Nonrecognition of Gain on Sale of Employer Securities to
an ESOP
Under Section 1042
of the IRC, an individual shareholder of a private company
who sells "qualified securities" to an ESOP can defer paying
federal income tax on his gain as long as he acquires "qualified
replacement property" within the period beginning three
months before the sale and ending twelve months after the
sale.
Nonrecognition of gain is available
for a sale to an ESOP only if, After the sale, the ESOP
holds at least 30% of the total value of the qualified securities
outstanding as of the time of the sale. " Qualified securities"
for this purpose are employer securities which (i) are issued
by a domestic operating corporation which has not had securities
tradeable on an established securities market for at least
twelve months prior to the sale, (ii) have been held by
the seller for more than three years, and (iii) were not
acquired by the seller in a distribution from a qualified
employee benefit plan or pursuant to the exercise of an
option or similar program.
"Qualified replacement property"
means securities issued by a public or private domestic
operating corporation. A corporation is not an operating
corporation if its passive income exceeds certain limits.
For nonrecognition treatment to
be available, the company must consent to the imposition
of a 10% excise tax on any amount realized by the ESOP if
it sells the qualified securities within three years of
having acquired them in a Section 1042 transaction. The
excise tax does not apply to any distributions made by the
ESOP by reason of a participant's death, retirement after
age 59-1/2, disability or other separation from service.
Also, the company must consent to the imposition of an excise
tax on certain prohibited allocations by the ESOP to selling
shareholders who have taken advantage of the regognition
treatment, their relatives, and 25% shareholders of the
company.
Furthermore, the ESOP plan document
must specify that during the "non-allocation period", employer
securities purchased from a selling shareholder electing
nonrecognition treatment under Section 1042 may not be allocated
to the account of (i) the selling shareholder or any person
related to the selling shareholder (except lineal descendants
who may be allocated up to 5% of such employer securities
in the aggregate), or (ii) persons owning directly or indirectly
more than 25% of the employer's stock.
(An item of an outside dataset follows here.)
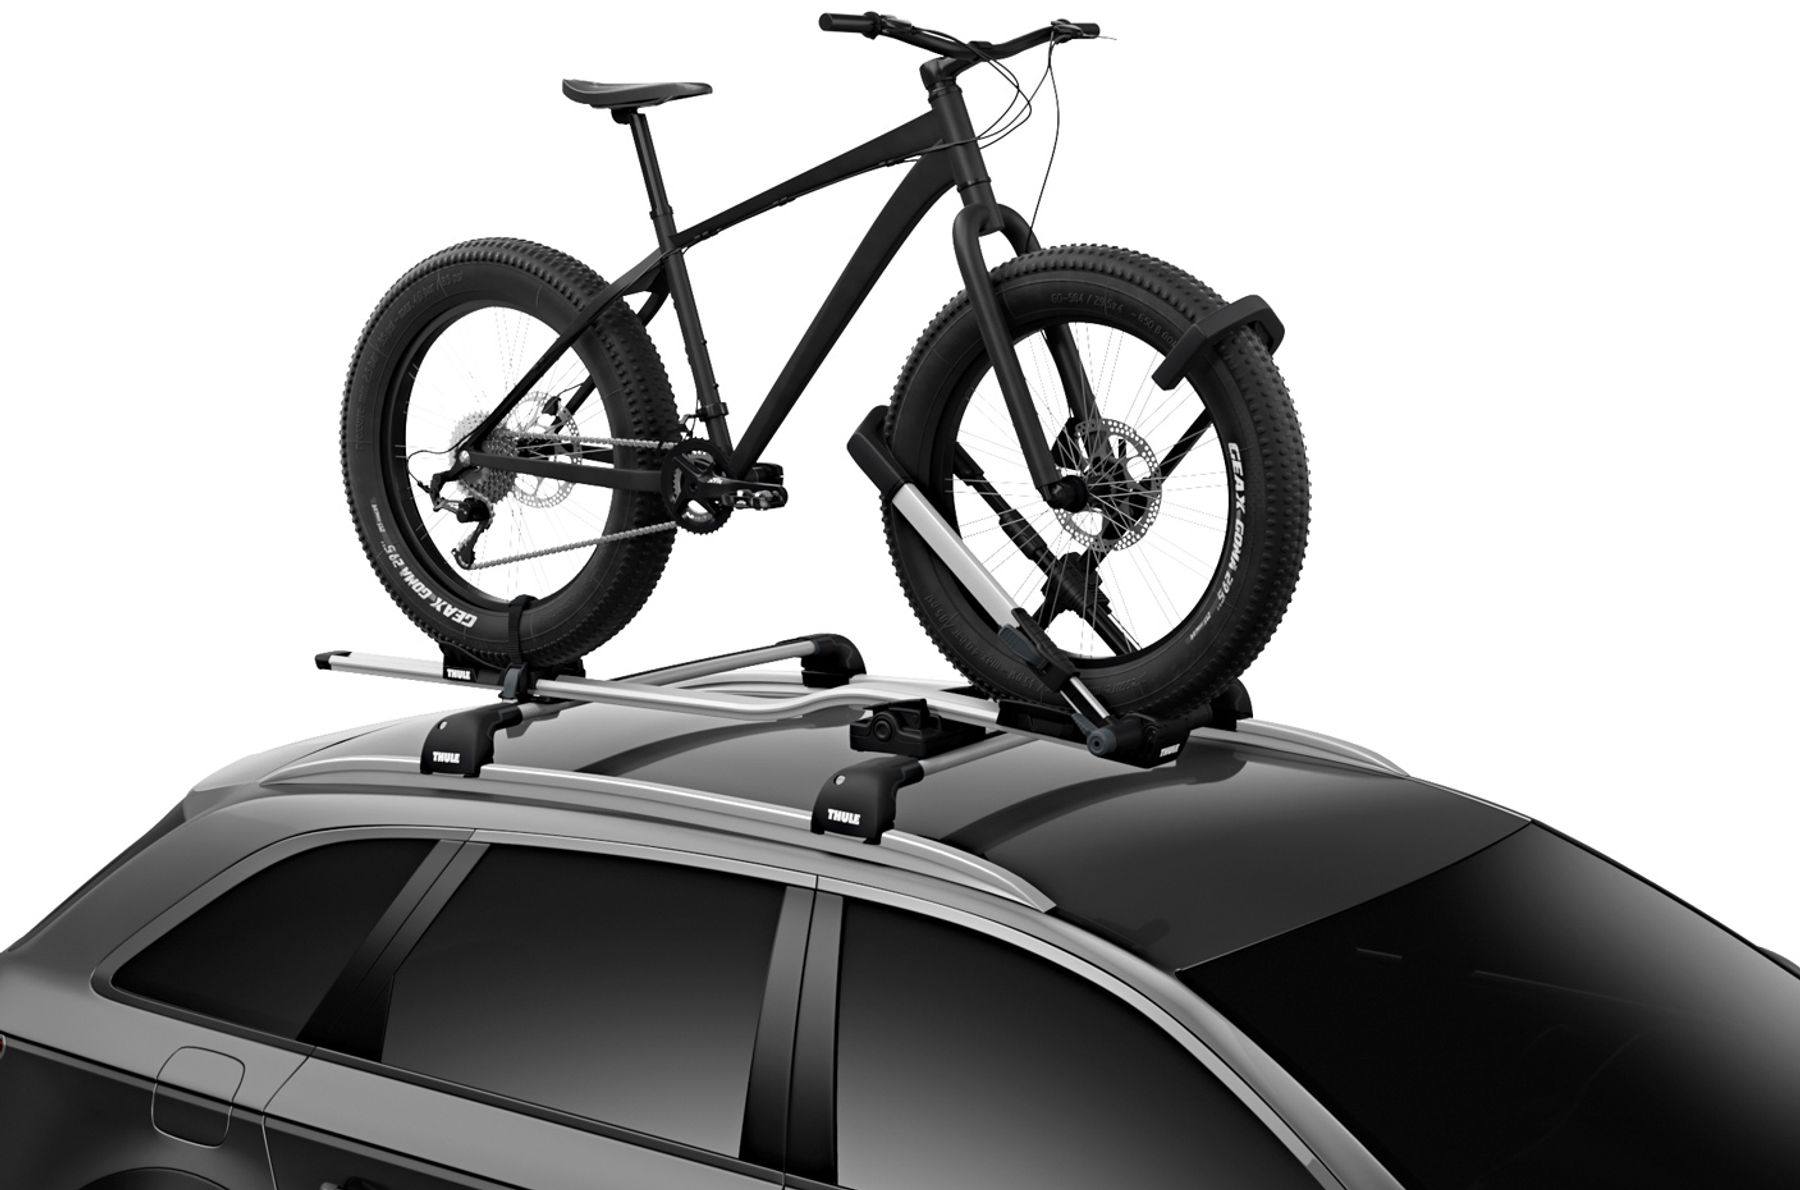 Thule UpRide 599 Fatbike adapter in use on car
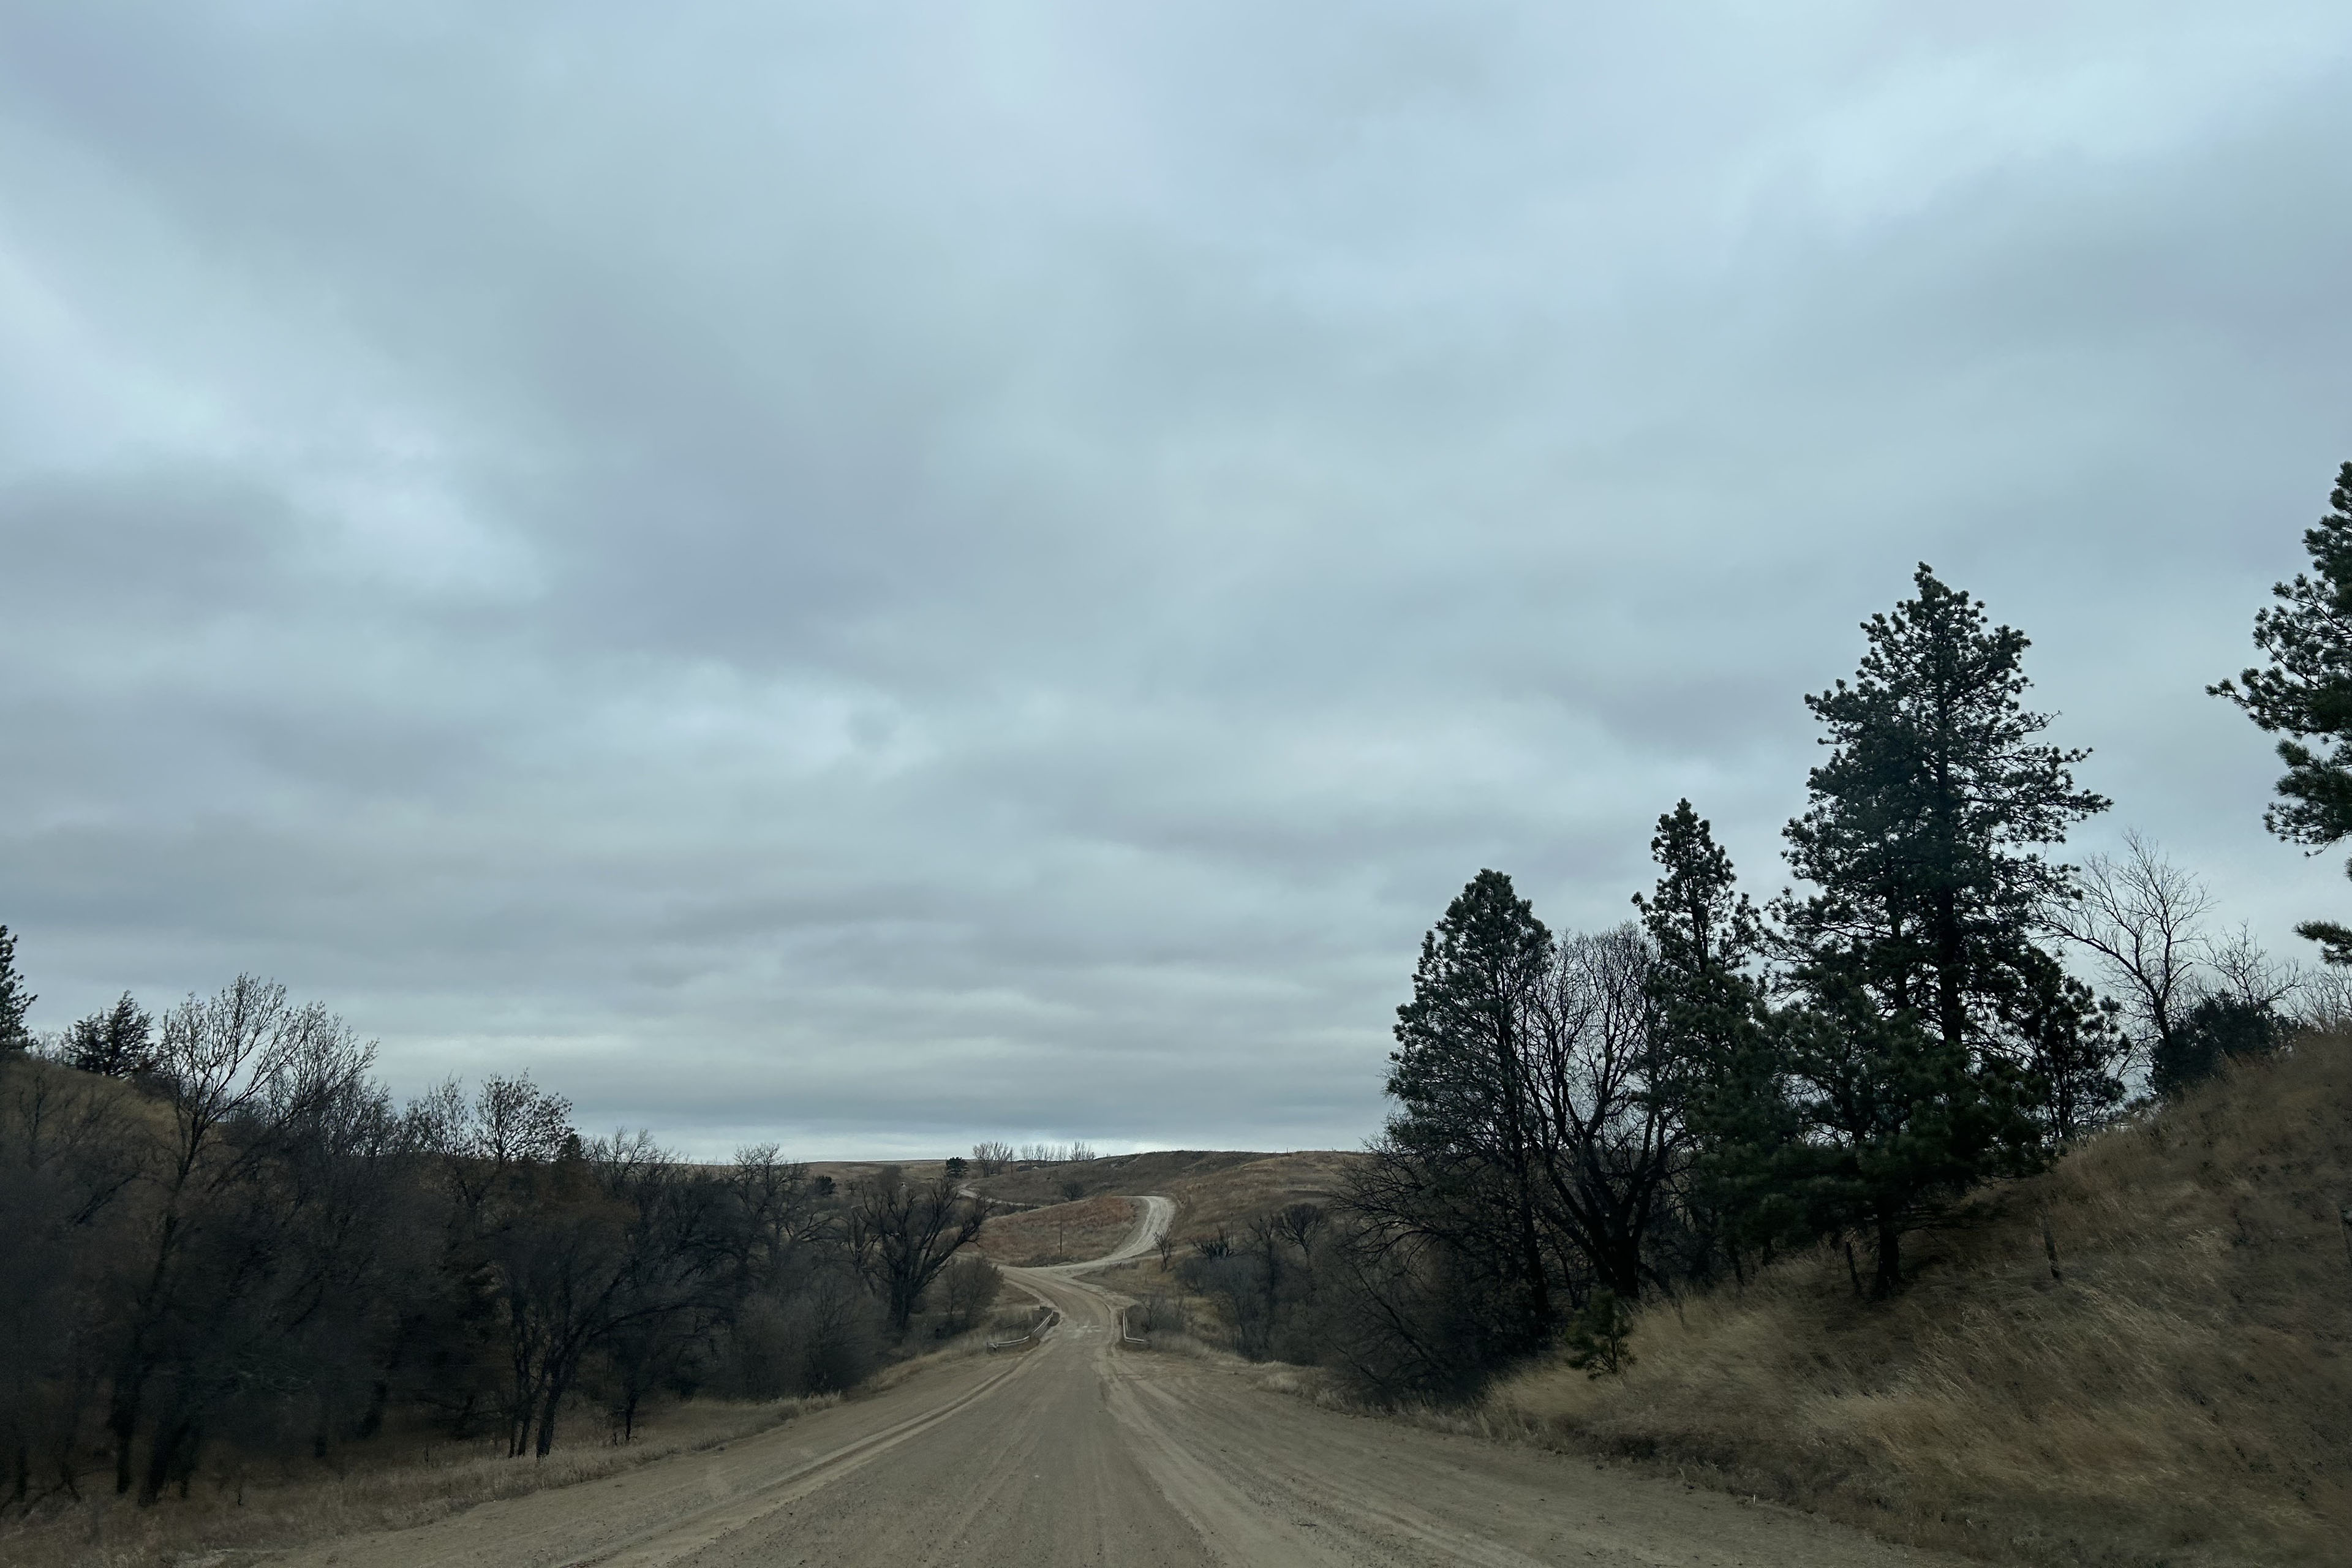 A winding gravel road on the sprawling Pine Ridge Reservation in South Dakota. The sky is overcast and the dirt road is flanked by dry grasses and evergreen trees.

The "non-allocation
period" is a period beginning on the date of the sale and
ending on the later of (i) ten years after the date of sale,
or (ii) the date that employer securities are released from
the suspense account and allocated to participants' accounts
attributable to the final payment of any acquisition debt
incurred in connection with the sale.
The selling shareholder must file
certain notarized forms with the IRS to ensure nonrecognition
treatment. This is a trap for the unwary, and the selling
shareholder should proceed with great care to be sure that
all appropriate filings are made.
Nonrecognition of gain under Section
1042 should be very attractive to individual shareholders
of a private company who desire to sell their stock to the
company's employees. If the shareholder holds the qualified
replacement property until death, a step-up in basis will
occur, and income tax on the gain will be avoided completely.